Published by the American Society of Agricultural and Biological Engineers, St. Joseph, Michigan

Citation:   No Citation available.
Authors:   M Soleimani, L Tabil, S Panigrahi
Keywords:   Xylitol, xylose, lignicellulose, lignocellulosic hydrolyzates, fermentation, hemicellulose

Lignocellulosic materials being supplied from a variety of resources at low price can be used as feedstock for chemicals and bio-products. Xylitol is a high value polyalcohol produced by the reduction of D-xylose (from hemicellulose fraction of lignocellulose) and is employed in food and pharmaceutical industries. The large number of advantageous properties, such as its low-calorie sweetening power and anticariogenicity justifies the high industrial interest for xylitol.

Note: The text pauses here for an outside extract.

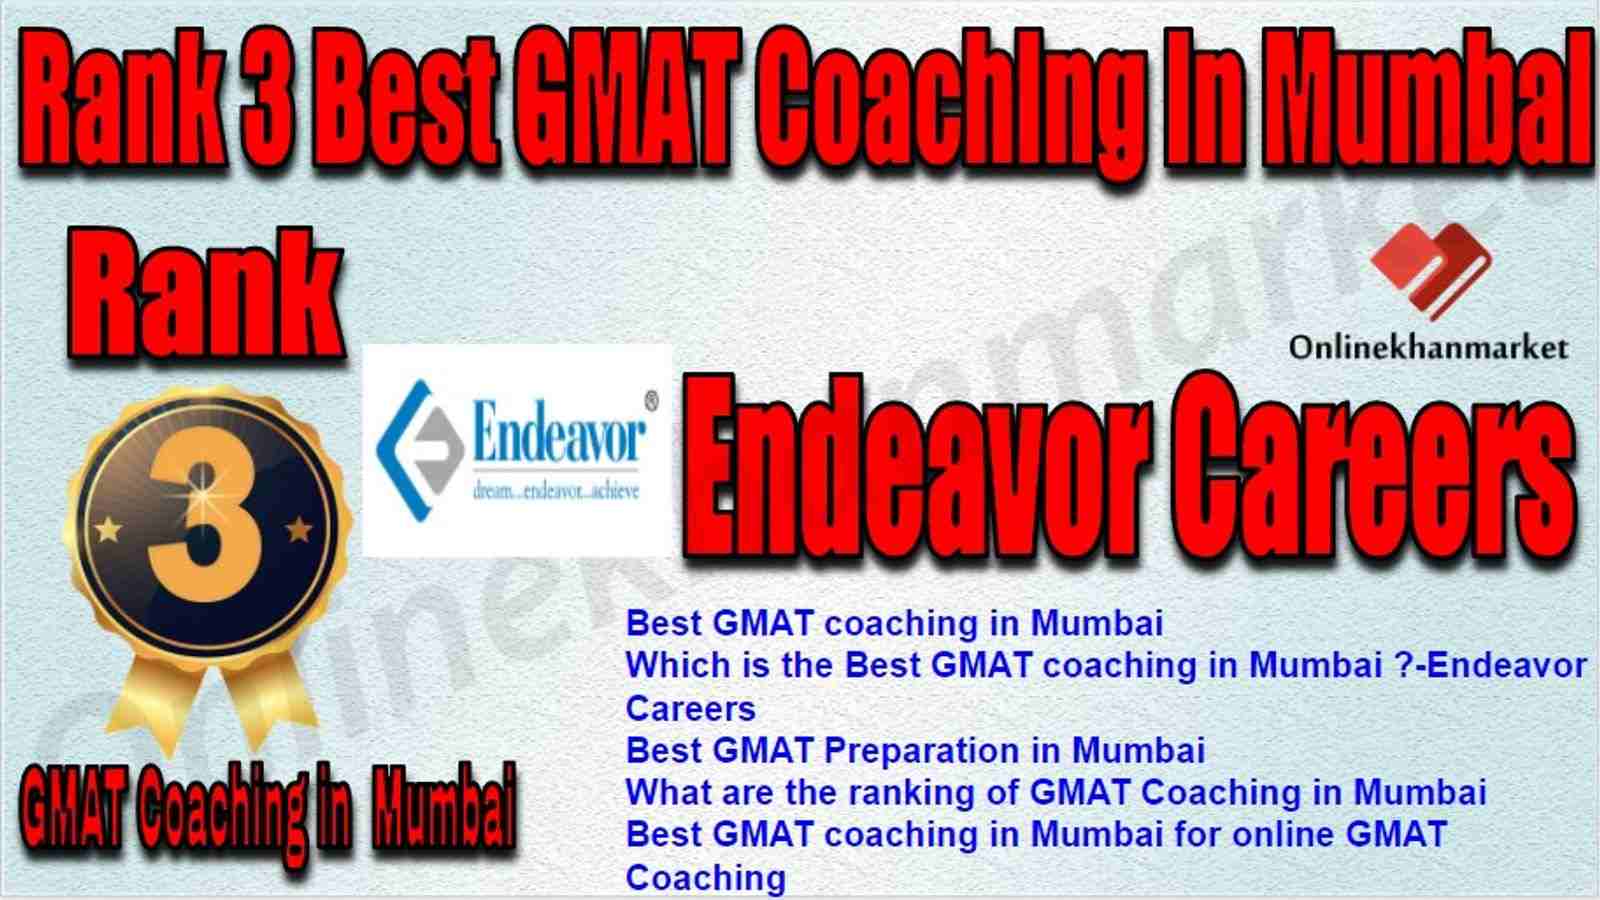 Rank 3 Best GMAT Coaching in Mumbai

Biotechnological production of this substance is lately becoming more attractive than the chemical method of catalytic hydrogenation due to the higher yield and because downstream processing is expected to be less costly. Studies about the bio-production of xylitol, in which microorganisms or enzymes are involved as catalysts to convert xylose into xylitol under mild conditions of pressure and temperature, have been mostly focused on establishing the operational parameters and the process options that maximize its yield and productivity in free cell system. However, some gaps in knowledge exist regarding this bioconversion process in immobilized cell system and selection or making an appropriate carrier (support) for biocatalysts in fermentation medium.